**Task goal**
Every line of the listing below from the one with "Briefing Paper February 2015" up to and including the one with "Method and apparatus for cleaning a filter" should be retyped exactly, and nothing else; pictures are not part of the copy.

**Materials provided**
★ ★ ★ ★ ★

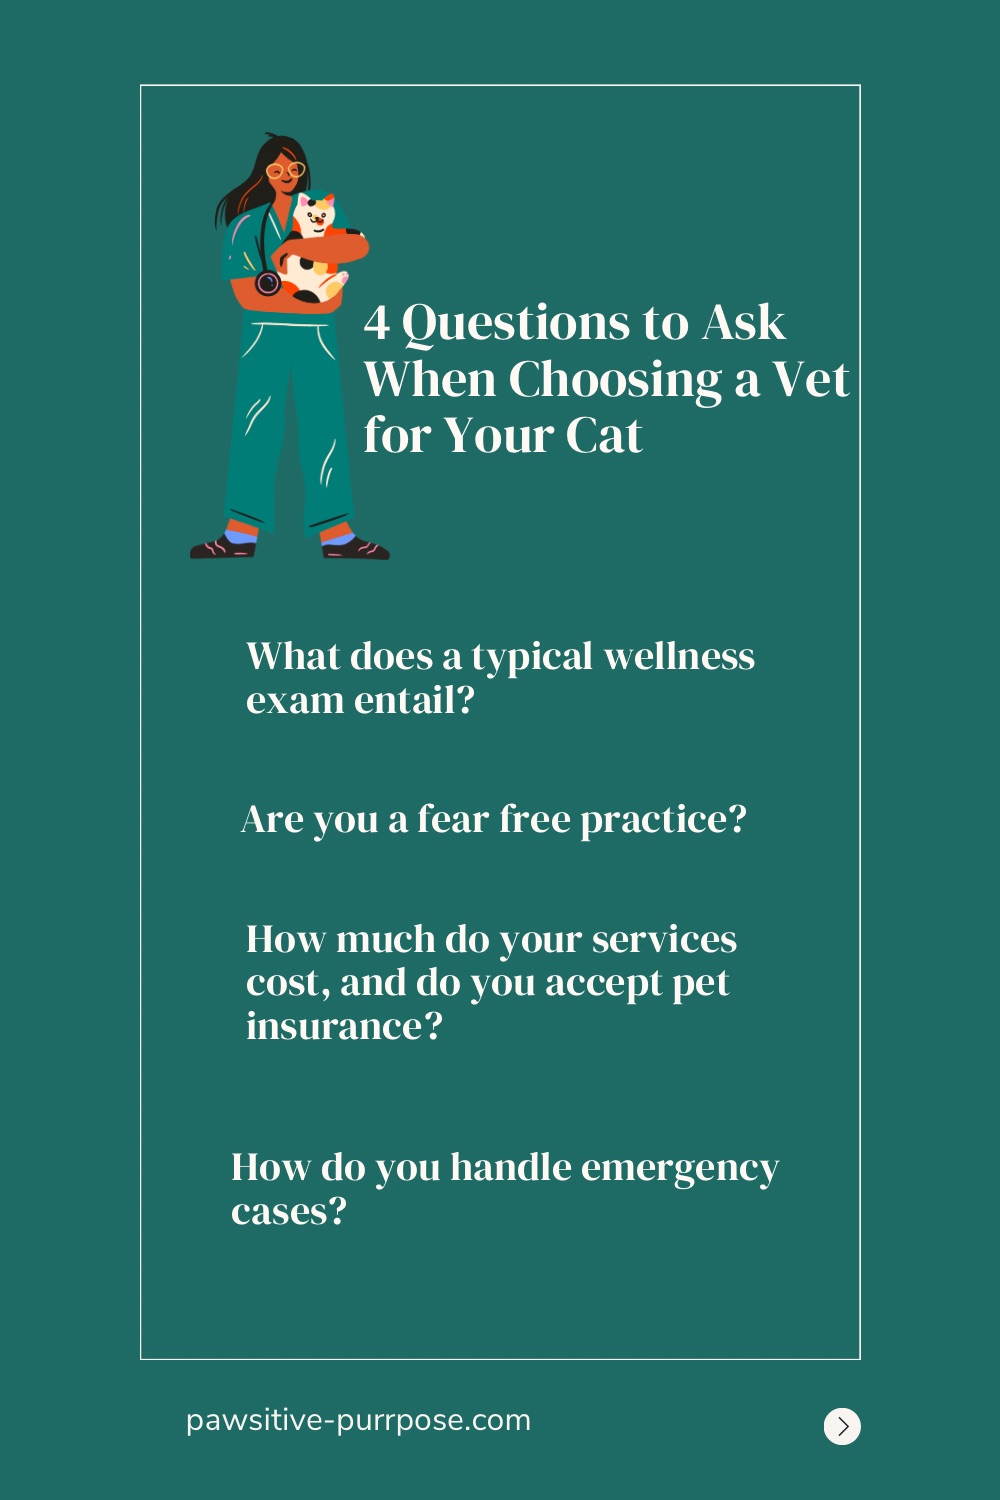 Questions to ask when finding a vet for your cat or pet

★ ★ ★ ★ ★

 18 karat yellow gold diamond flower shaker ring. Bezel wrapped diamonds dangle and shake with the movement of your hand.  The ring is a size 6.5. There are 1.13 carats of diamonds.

★ ★ ★ ★ ★

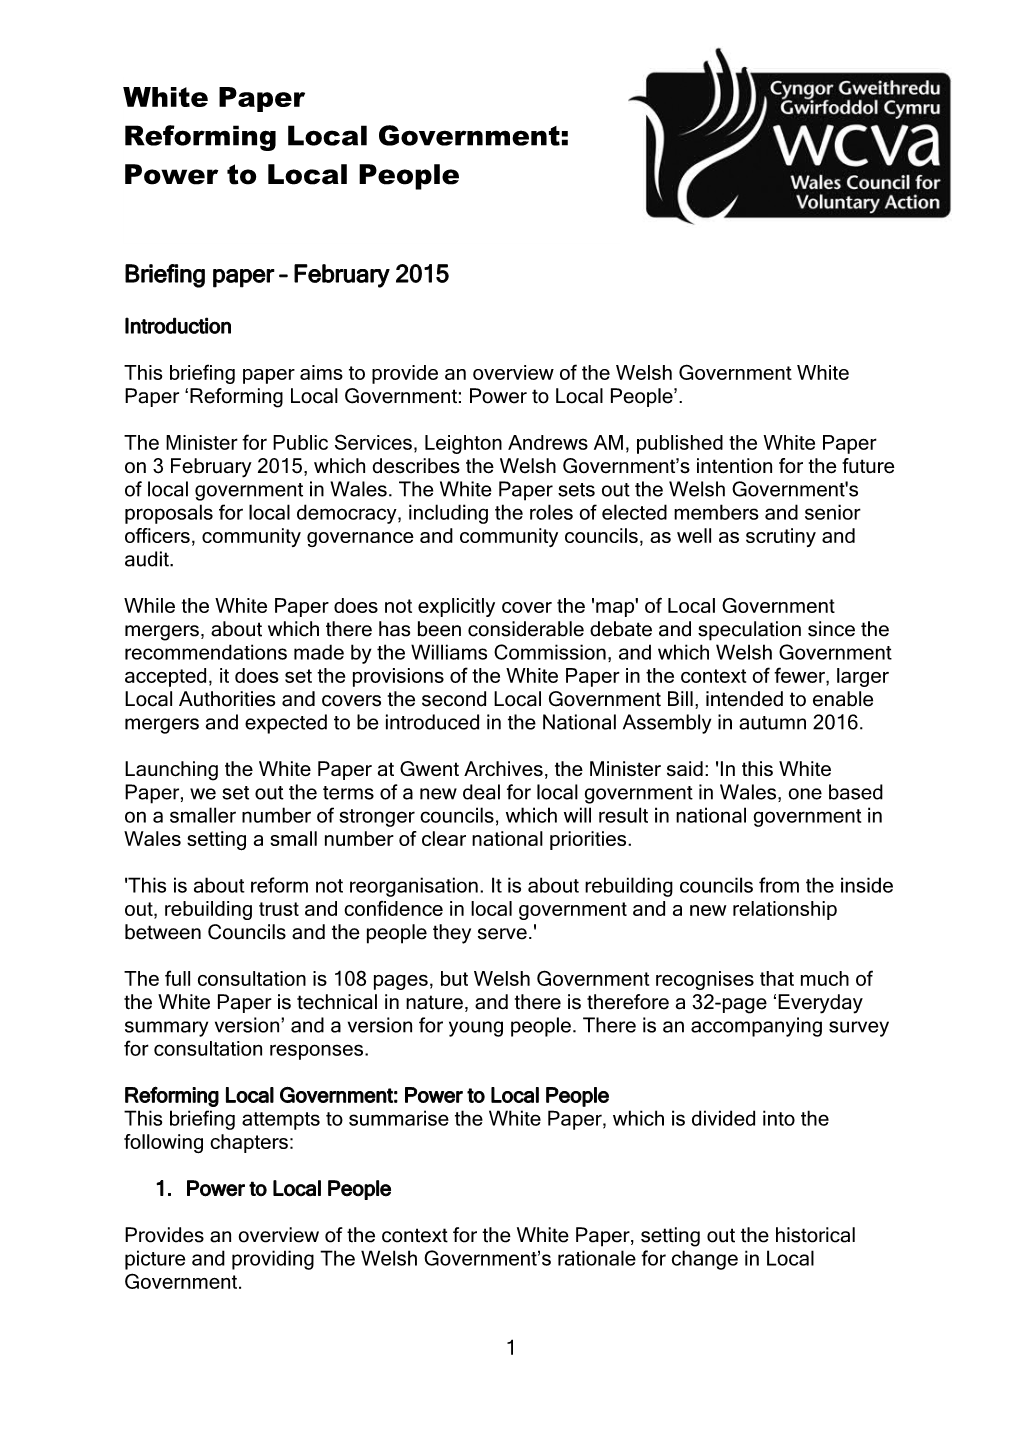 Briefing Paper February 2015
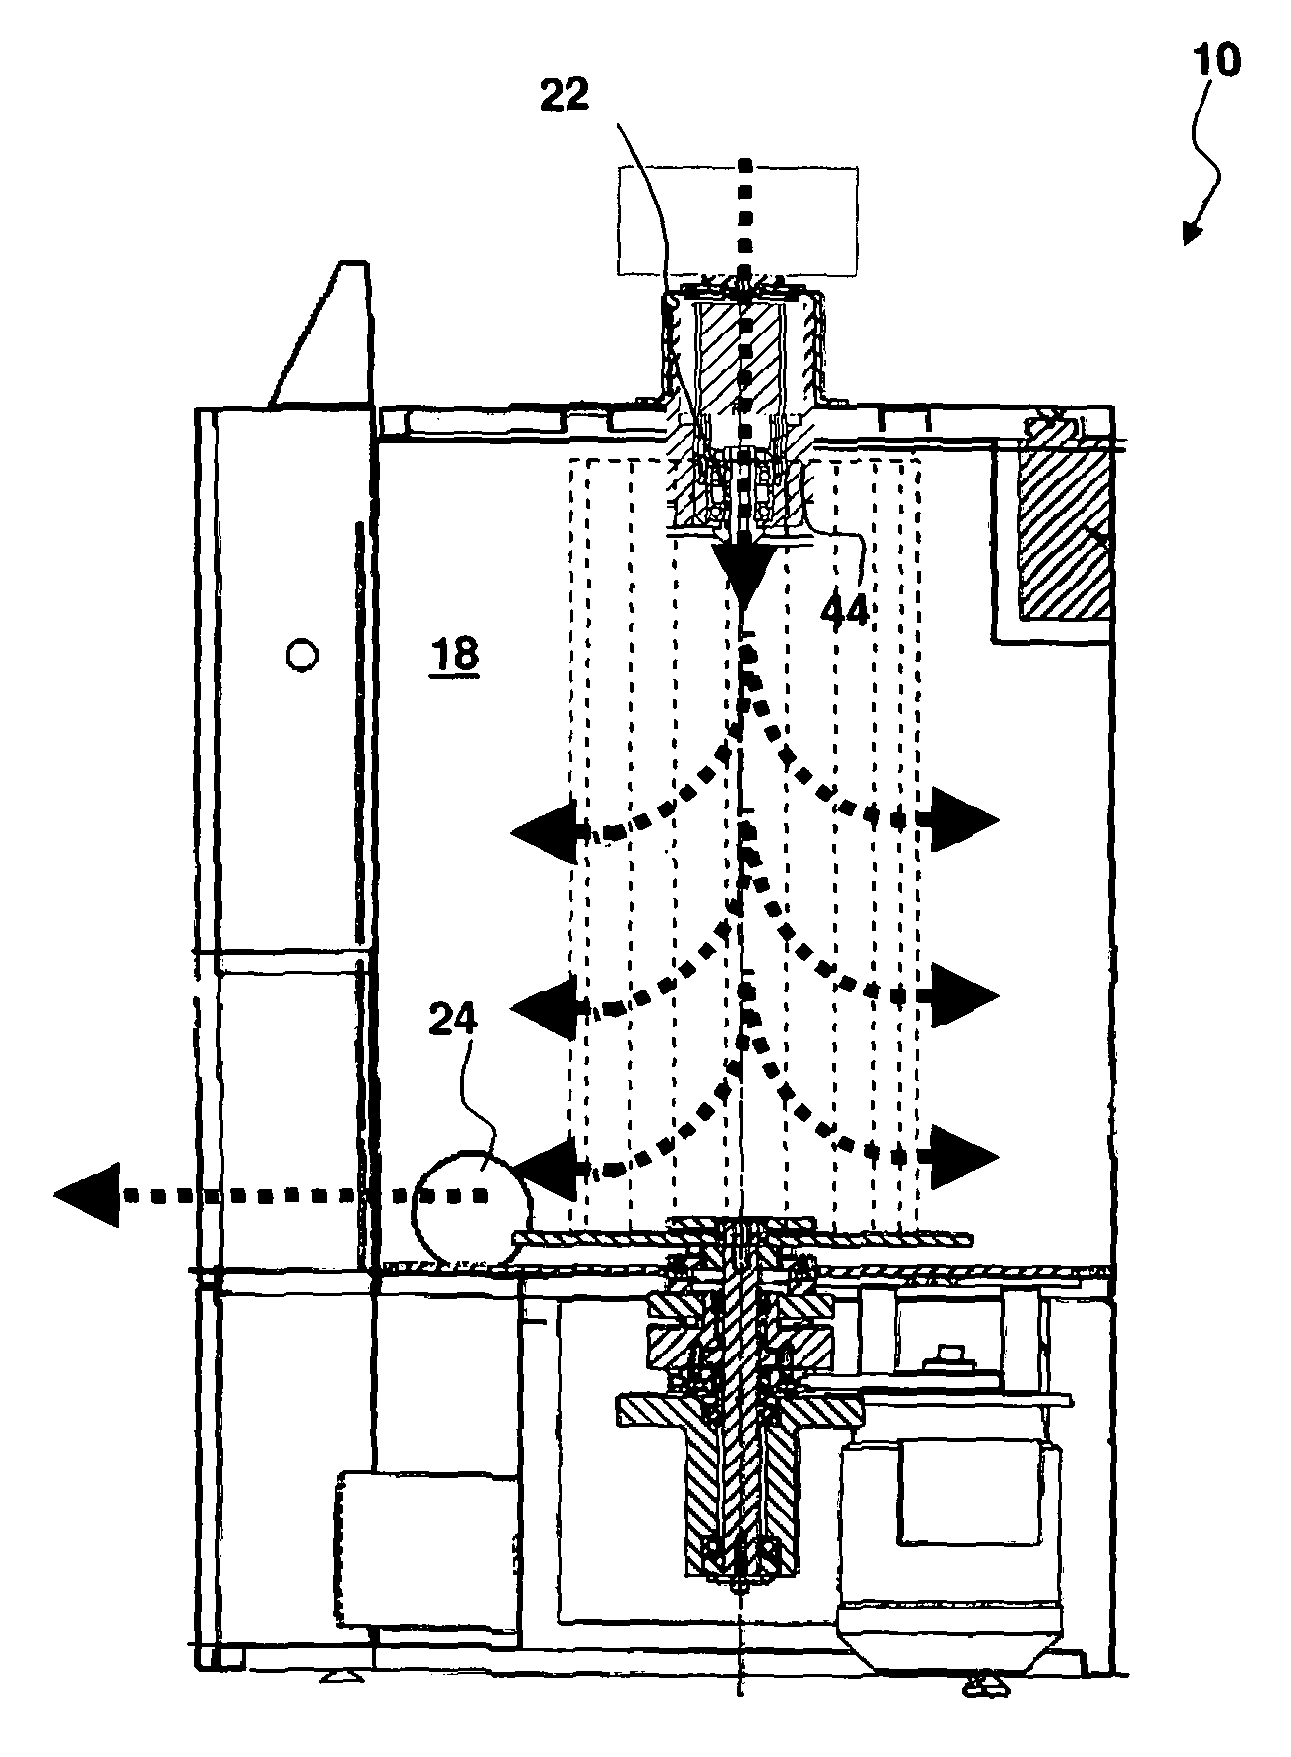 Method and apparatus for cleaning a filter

★ ★ ★ ★ ★

**Answer to this problem**
 Briefing Paper February 2015
 Method and apparatus for cleaning a filter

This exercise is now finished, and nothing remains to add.